Question

Reduce the degree of the form ${{63}^{\text{o}}}14'51''$ into centesimal measure.

Answer 1

Hint: We will apply the formula used for defining the relationship between degrees and grades. The formula is given by ${{90}^{\text{o}}}={{100}^{g}}$. Here $^{\text{o}}$ is called the degree and g is called grades. We will apply the concept of degree, minutes and seconds which have numerical form as ${{\left( 1 \right)}^{\text{o}}}=60'$ or $\left( 1 \right)'={{\left( \dfrac{1}{60} \right)}^{\text{o}}}$ and ${{\left( 1 \right)}^{\text{o}}}={{\left( \dfrac{1}{3600} \right)}^{\text{o}}}$.

Complete step-by-step answer:
Now, we will consider ${{63}^{\text{o}}}14'51''$. We can write ${{63}^{\text{o}}}14'51''$ as ${{63}^{\text{o}}}+14'+51''$. Here, we will apply the concept of degree, minutes and seconds. As we know that ${{\left( 1 \right)}^{\text{o}}}=60'$ or $\left( 1 \right)'={{\left( \dfrac{1}{60} \right)}^{\text{o}}}$ and ${{\left( 1 \right)}^{\text{o}}}={{\left( \dfrac{1}{3600} \right)}^{\text{o}}}$. Therefore, we have
$\begin{align}
  & {{63}^{\text{o}}}14'51''={{63}^{\text{o}}}+14'+51'' \\
 & \Rightarrow {{63}^{\text{o}}}14'51''={{63}^{\text{o}}}+\left( 14\times 1' \right)+\left( 51\times 1'' \right) \\
 & \Rightarrow {{63}^{\text{o}}}14'51''={{63}^{\text{o}}}+\left( 14\times {{\left( \dfrac{1}{60} \right)}^{\text{o}}} \right)+\left( 51\times {{\left( \dfrac{1}{3600} \right)}^{\text{o}}} \right) \\
 & \Rightarrow {{63}^{\text{o}}}14'51''={{63}^{\text{o}}}+{{\left( \dfrac{14}{60} \right)}^{\text{o}}}+{{\left( \dfrac{51}{3600} \right)}^{\text{o}}} \\
 & \Rightarrow {{63}^{\text{o}}}14'51''={{\left( 63+\dfrac{14}{60}+\dfrac{51}{3600} \right)}^{\text{o}}} \\
 & \Rightarrow {{63}^{\text{o}}}14'51''={{\left( 63+\dfrac{7}{30}+\dfrac{17}{1200} \right)}^{\text{o}}} \\
\end{align}$
As we know that the l.c.m. of 1, 30 and 1200 is 1200. Therefore, we have
$\begin{align}
  & {{63}^{\text{o}}}14'51''={{\left( 63+\dfrac{7}{30}+\dfrac{17}{1200} \right)}^{\text{o}}} \\
 & \Rightarrow {{63}^{\text{o}}}14'51''={{\left( \dfrac{75600+280+17}{1200} \right)}^{\text{o}}} \\
 & \Rightarrow {{63}^{\text{o}}}14'51''={{\left( \dfrac{75897}{1200} \right)}^{\text{o}}} \\
 & \Rightarrow {{63}^{\text{o}}}14'51''={{63.2475}^{\text{o}}} \\
\end{align}$
Now we will convert the degree into grades by the formula which is given by ${{90}^{\text{o}}}={{100}^{g}}$ or, ${{1}^{\text{o}}}={{\left( \dfrac{100}{90} \right)}^{g}}$. Here $^{\text{o}}$ is called the degree and g is called grades.
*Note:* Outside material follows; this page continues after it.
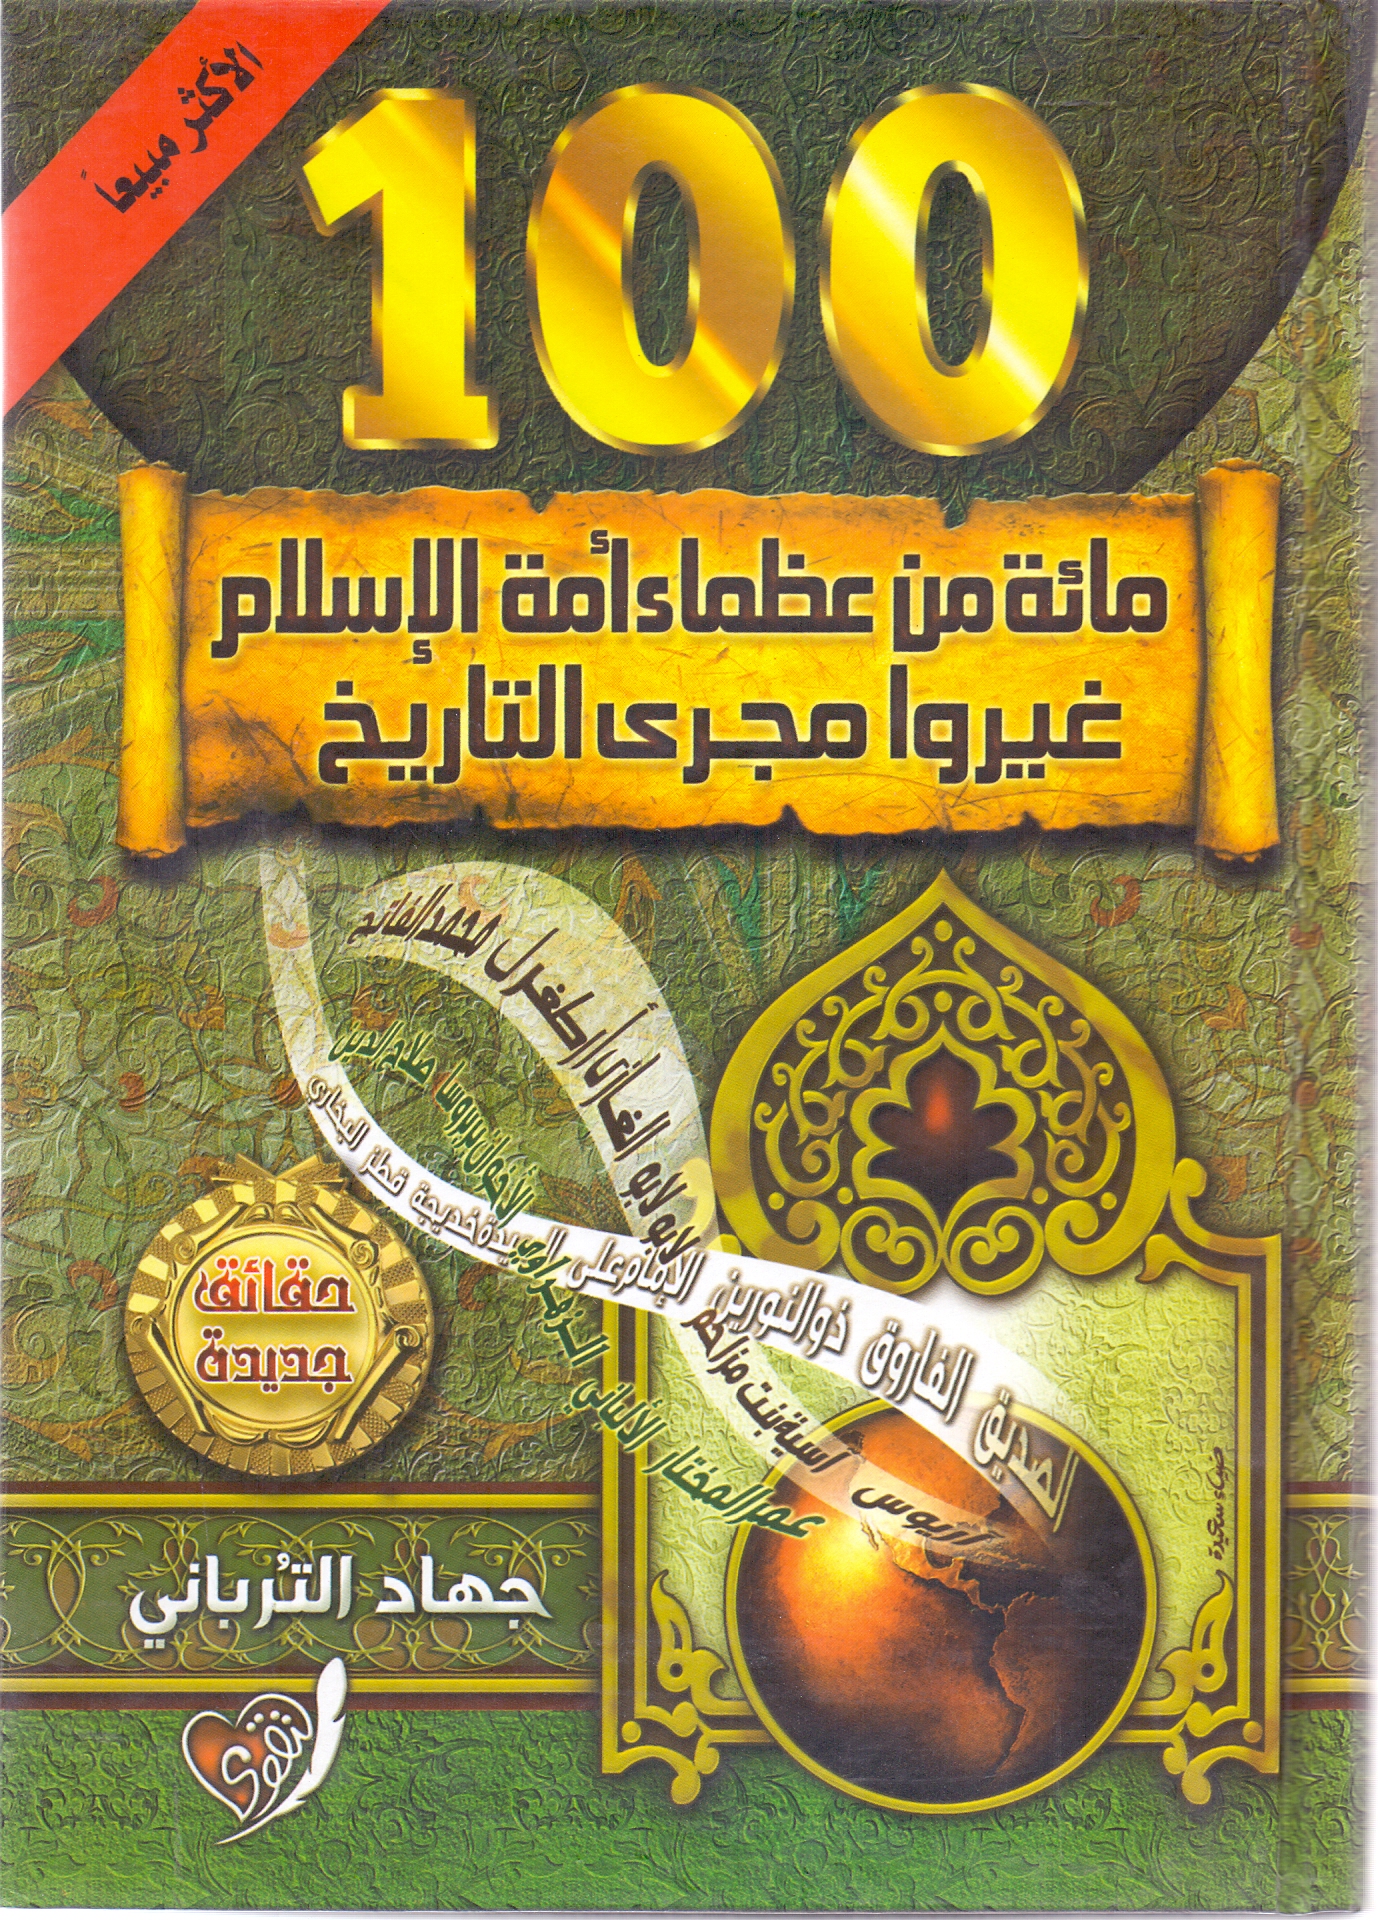 One hundred of Great men of the ummah of Islam

As we know that ${{63.2475}^{\text{o}}}$ can be written as ${{63.2475}^{\text{o}}}=63.2475\times {{1}^{\text{o}}}$. Therefore, after using the formula ${{1}^{\text{o}}}={{\left( \dfrac{100}{90} \right)}^{g}}$ we will get
$\begin{align}
  & {{63.2475}^{\text{o}}}=63.2475\times {{1}^{\text{o}}} \\
 & \Rightarrow {{63.2475}^{\text{o}}}=63.2475\times {{\left( \dfrac{100}{90} \right)}^{g}} \\
 & \Rightarrow {{63.2475}^{\text{o}}}={{\left( 63.2475\times \dfrac{100}{90} \right)}^{g}} \\
 & \Rightarrow {{63.2475}^{\text{o}}}={{\left( \dfrac{63.2475}{90}\times 100 \right)}^{g}} \\
 & \Rightarrow {{63.2475}^{\text{o}}}={{\left( 0.70275\times 100 \right)}^{g}} \\
 & \Rightarrow {{63.2475}^{\text{o}}}={{\left( 70.275 \right)}^{g}} \\
\end{align}$
Now, we will write ${{\left( 70.275 \right)}^{g}}$ in terms of its grades, minutes and seconds. Clearly decimal is after 70 so we have ${{70}^{g}}$ for sure. Now after decimal we have 275 or since it is after decimal so one 0 can be added after it. Therefore, we have 0.275 as 0.2750. And this can be separated as 27 minutes and 50 seconds. Therefore, we can write ${{\left( 70.275 \right)}^{g}}$ as ${{70}^{g}}27'50''$. So, our degree ${{63}^{\text{o}}}14'51''$ is changed into grades as ${{\left( 70.275 \right)}^{g}}$ which is further converted into minutes and seconds as ${{70}^{g}}27'50''$.
Hence, ${{63}^{\text{o}}}14'51''$ can be written as ${{\left( 70.275 \right)}^{g}}$ or ${{70}^{g}}27'50''$.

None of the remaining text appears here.